Damit Rohre im Haus nicht verkalken, gibt es auf der anderen Seite noch die Möglichkeit, bestimmte Stoffe in das Wasser einzuschleusen, welche verhindern, dass Calciumcarbonat entsteht. Auch die Elektrolyse, die Nanofiltration oder auch die Biomineralisierung sind Vorgehensweisen für eine effiziente Filterung.

Welche Vorteile ergeben sich durch einen Wasserfilter für den Hausanschluss?

Welche Vorteile ein zentraler Hauswasserfilter für das Trinkwasser in einem Ein- oder Mehrfamilienhaus mit sich bringt, hängt vom jeweiligen System ab.

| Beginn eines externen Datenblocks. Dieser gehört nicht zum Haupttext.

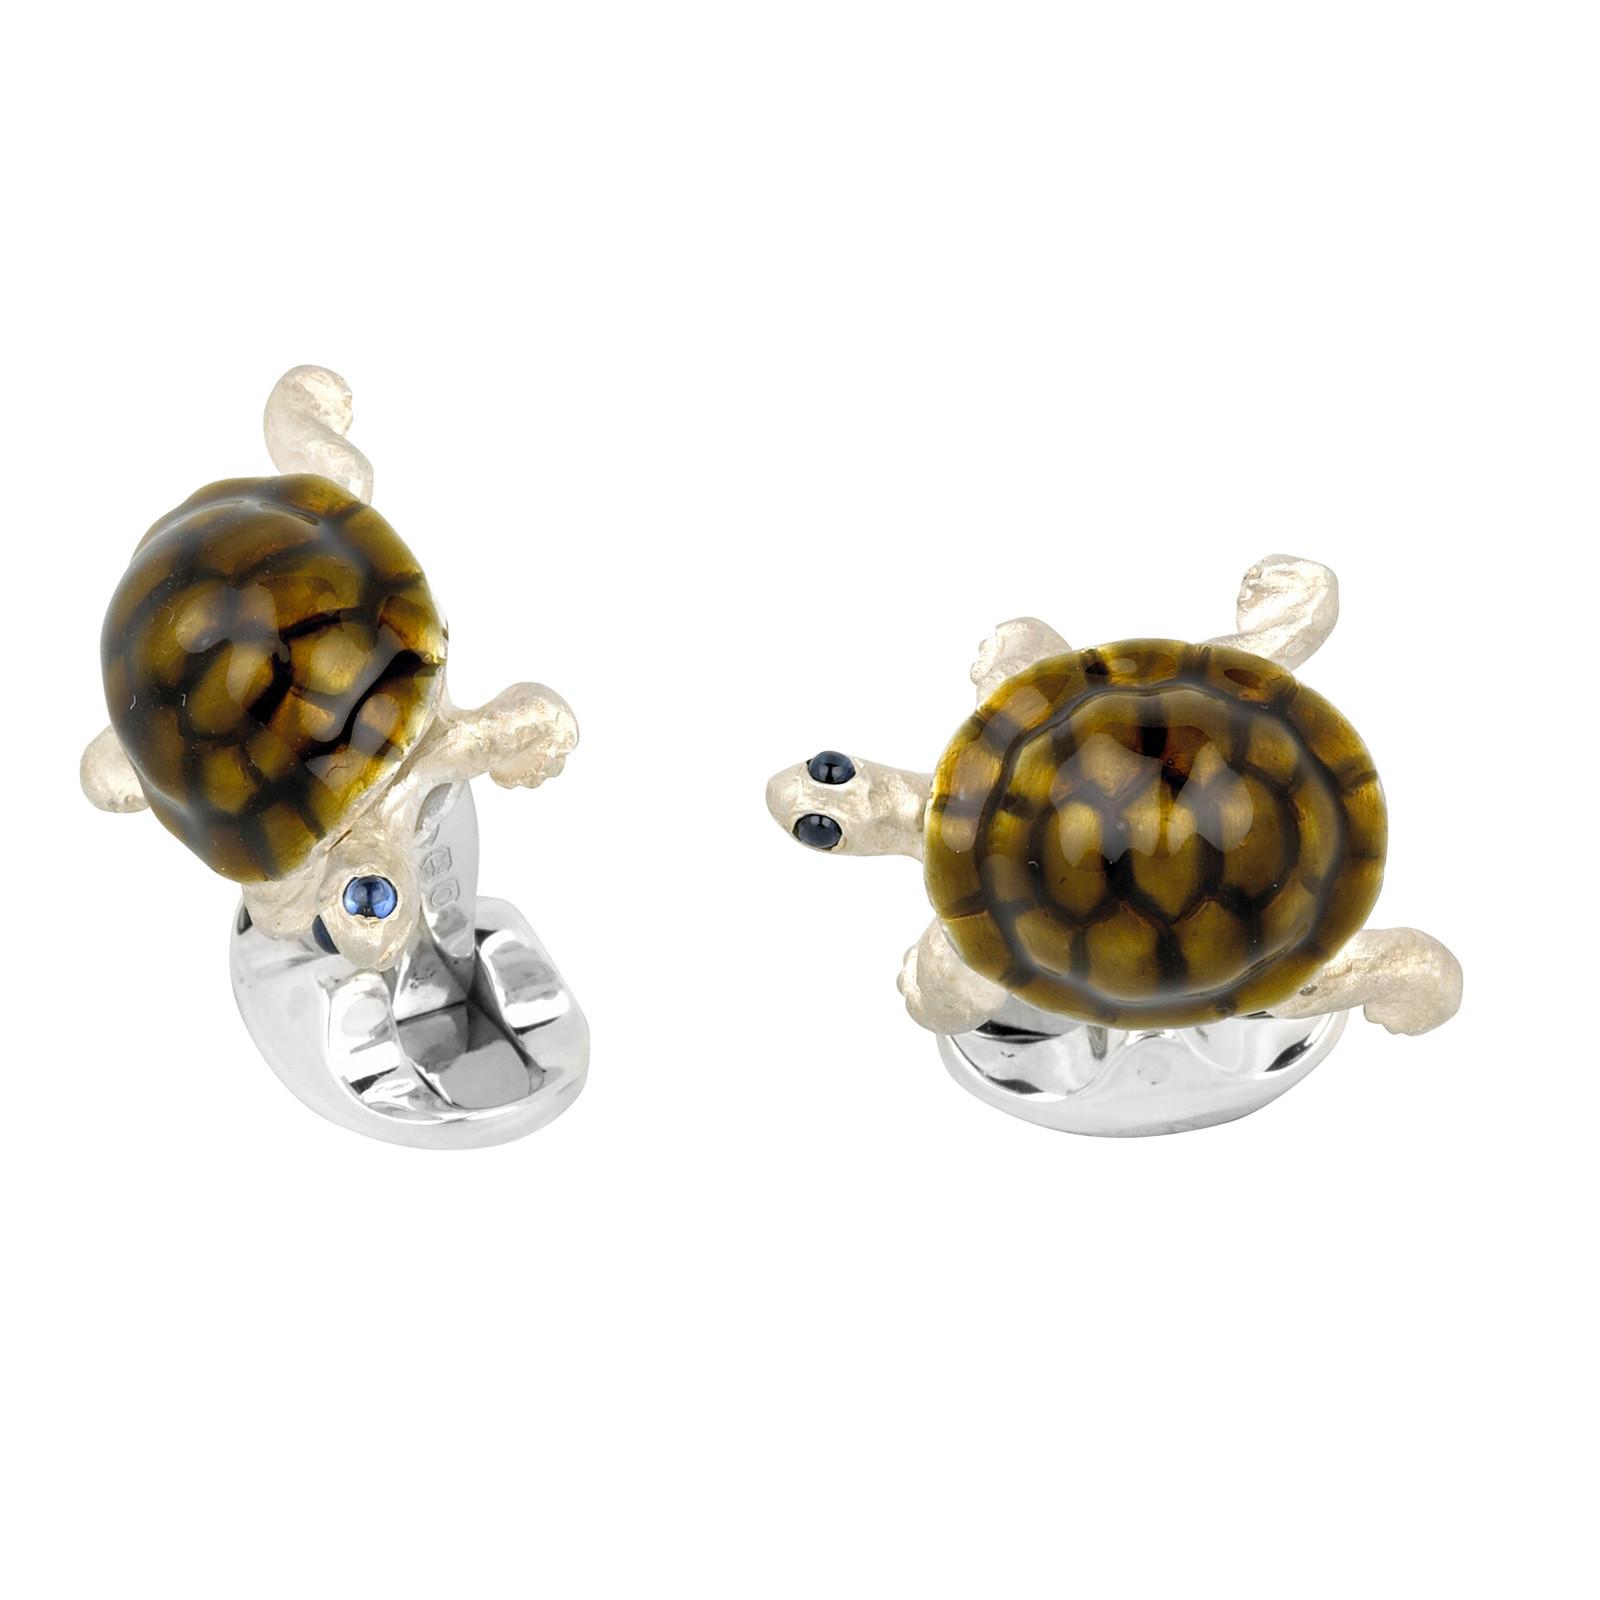 New Deakin & Francis Tortoise Cufflinks

Wer in vielen Wohnräumen mit stark kalkhaltigem Wasser zu kämpfen hat, sollte sich durchaus einen Wasserfilter zur Klärung kaufen. Auch wenn einem besonders reines Wasser beim Kochen, Waschen oder Duschen sehr wichtig ist, lohnt sich die Investition eigentlich immer. Zu guter Letzt schützt ein guter Wasserfilter die Rohre und Leitungen vor einem vorzeitigen Verschleiß und kann somit langfristig auch Kosten einsparen. Vor dem Kauf ist es allerdings sinnvoll, sich von einem Experten beraten zu lassen, um das richtige Produkt zu erwerben.